Adds conditional attribute exposure in GroupDetail entity with proper feature flag (omniauth_step_up_auth_for_namespace) and admin permission checks. The implementation follows existing namespace settings patterns and provides complete CRUD operations via GET/PUT endpoints.
This enables infrastructure-as-code security management and automation of step-up authentication policies across GitLab groups, addressing the gap between UI functionality and programmatic access.
References
- Related issue: #556943
- Foundation MR: !199423 (merged)
- Feature flag:
omniauth_step_up_auth_for_namespace
Screenshots or screen recordings
This MR adds REST API functionality without UI changes.
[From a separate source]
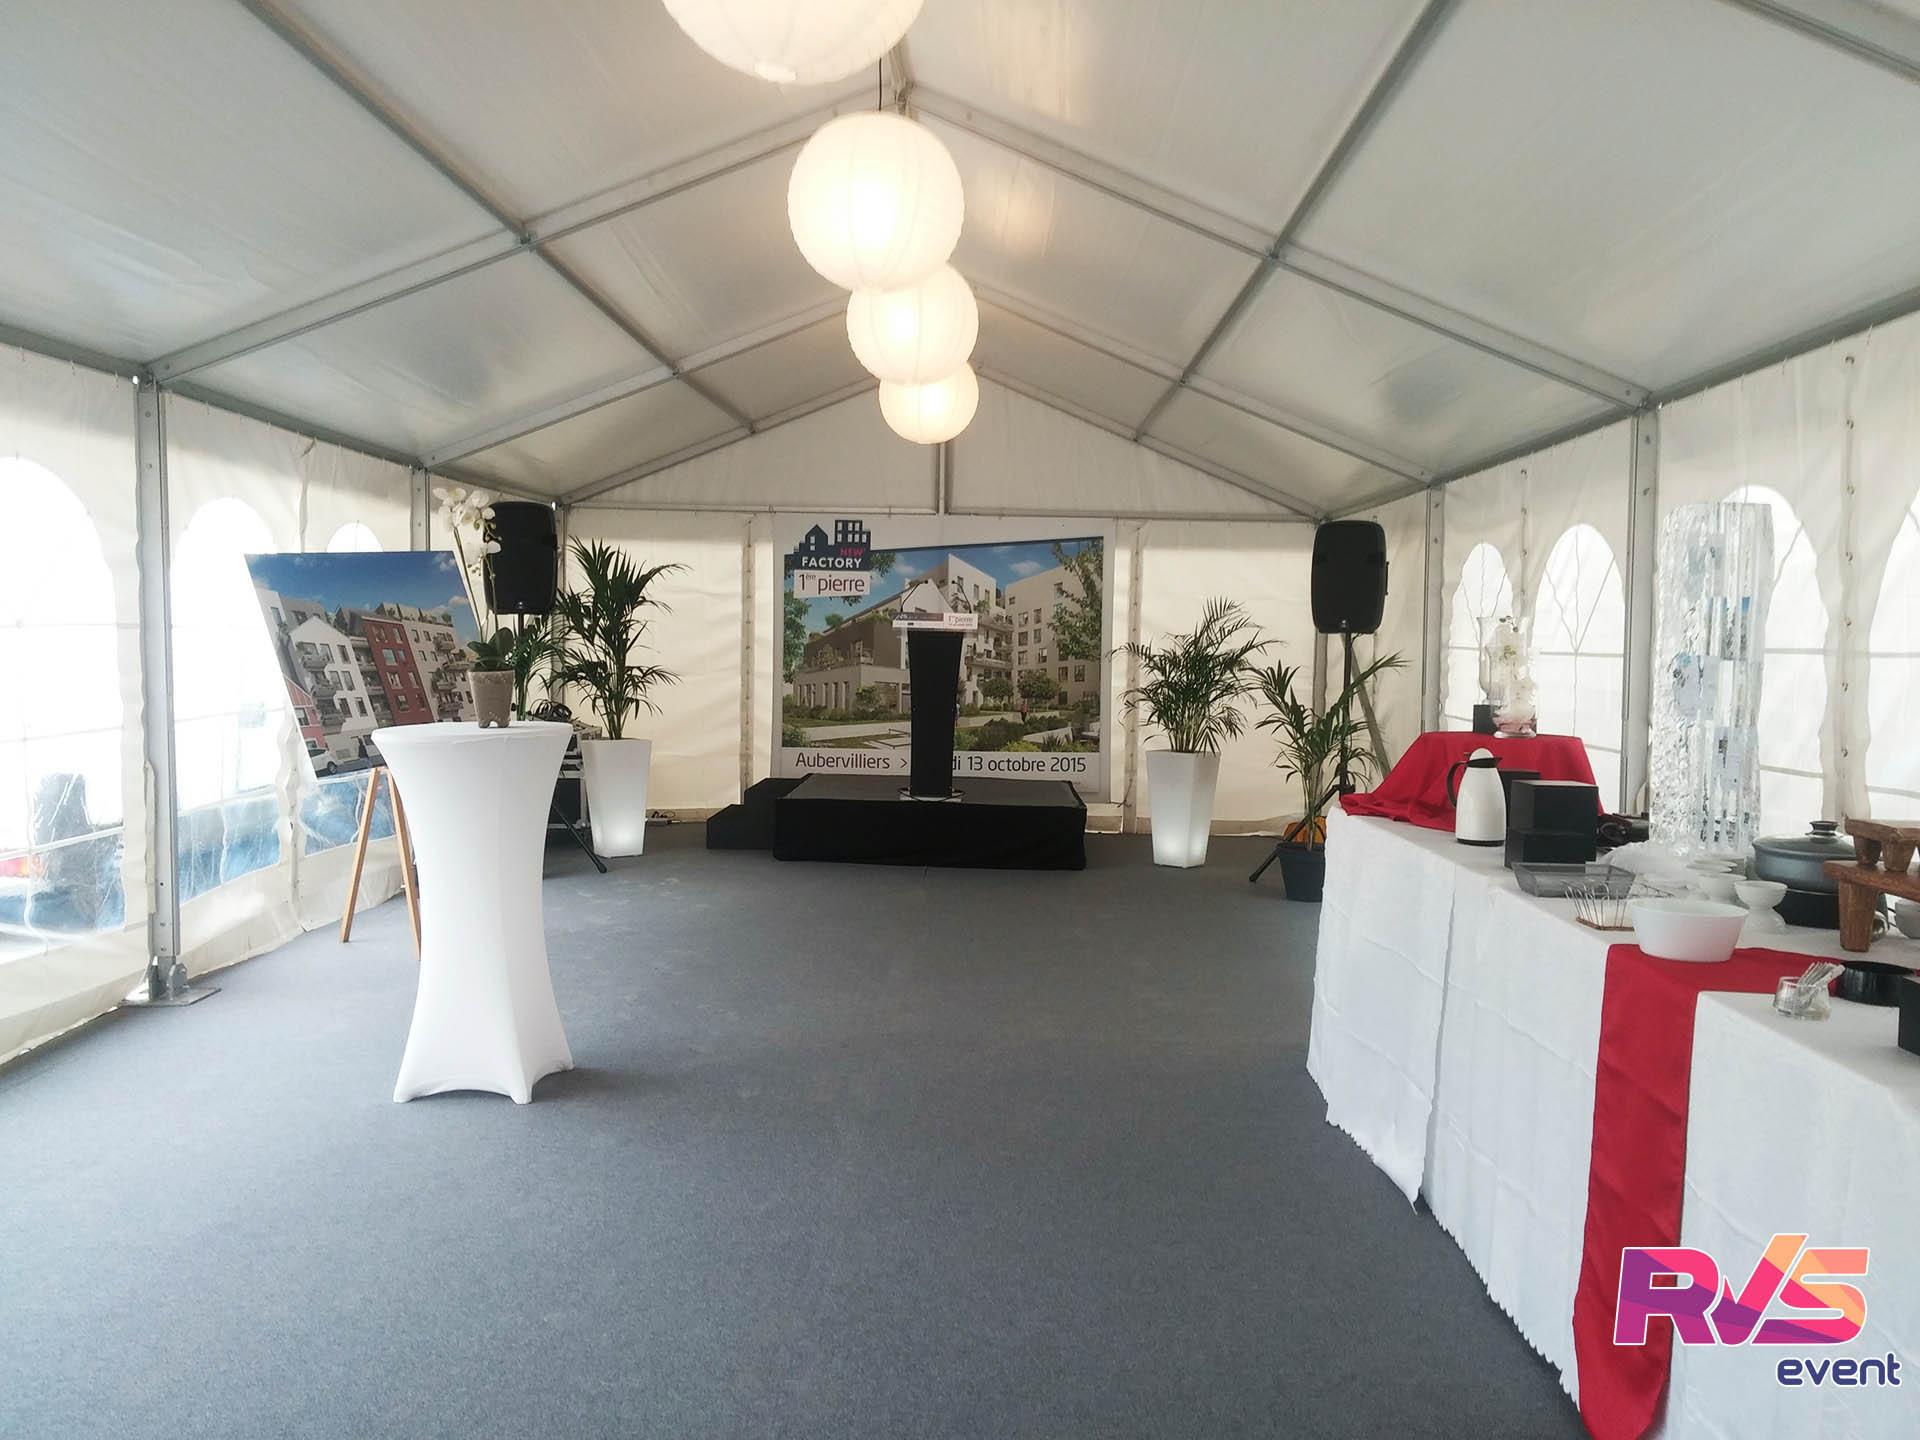 Inauguration sous barnum kaufman&broad   tente de réception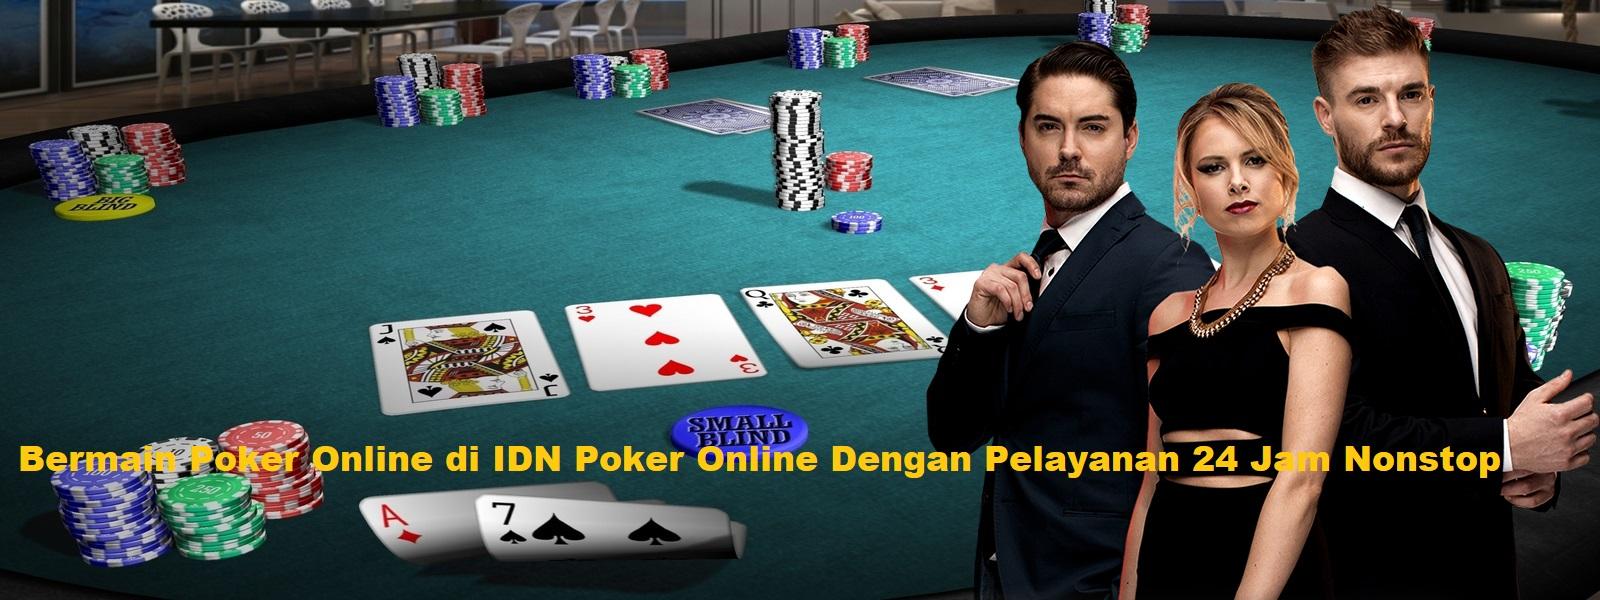 Bermain Poker Online di IDN Poker Online Dengan Pelayanan 24 Jam Nonstop

The API responses can be tested via curl or API clients.
| Before | After |
|---|---|
curl -H "PRIVATE-TOKEN: token" "http://localhost:3000/api/v4/groups/GROUP_ID" | jq '.step_up_auth_required_oauth_provider'Response: Attribute not present |
curl -H "PRIVATE-TOKEN: token" "http://localhost:3000/api/v4/groups/GROUP_ID" | jq '.step_up_auth_required_oauth_provider'Response: null or "openid_connect"
|
How to set up and validate locally
Part 1: Prepare your local GitLab gdk instance
Follow the setup steps described in the previous MR.
Part 2: Test the REST API
- Create a test group and ensure that your personal access token can access this group (you need the api scope)
- Test GET request to retrieve current setting:
curl --header "PRIVATE-TOKEN: your-token" \ "http://localhost:3000/api/v4/groups/GROUP_ID" - Test PUT request to update setting:
curl --request PUT --header "PRIVATE-TOKEN: your-token" \ --header "Content-Type: application/json" \ --data '{"step_up_auth_required_oauth_provider":"openid_connect"}' \ "http://localhost:3000/api/v4/groups/GROUP_ID" - Test clearing the setting:
curl --request PUT --header "PRIVATE-TOKEN: your-token" \ --header "Content-Type: application/json" \ --data '{"step_up_auth_required_oauth_provider":""}' \ "http://localhost:3000/api/v4/groups/GROUP_ID" - Verify attribute is only exposed with permissions and feature flag enabled
- Test validation with invalid provider names
MR acceptance checklist
Please evaluate this MR against the MR acceptance checklist. It helps you analyze changes to reduce risks in quality, performance, reliability, security, and maintainability.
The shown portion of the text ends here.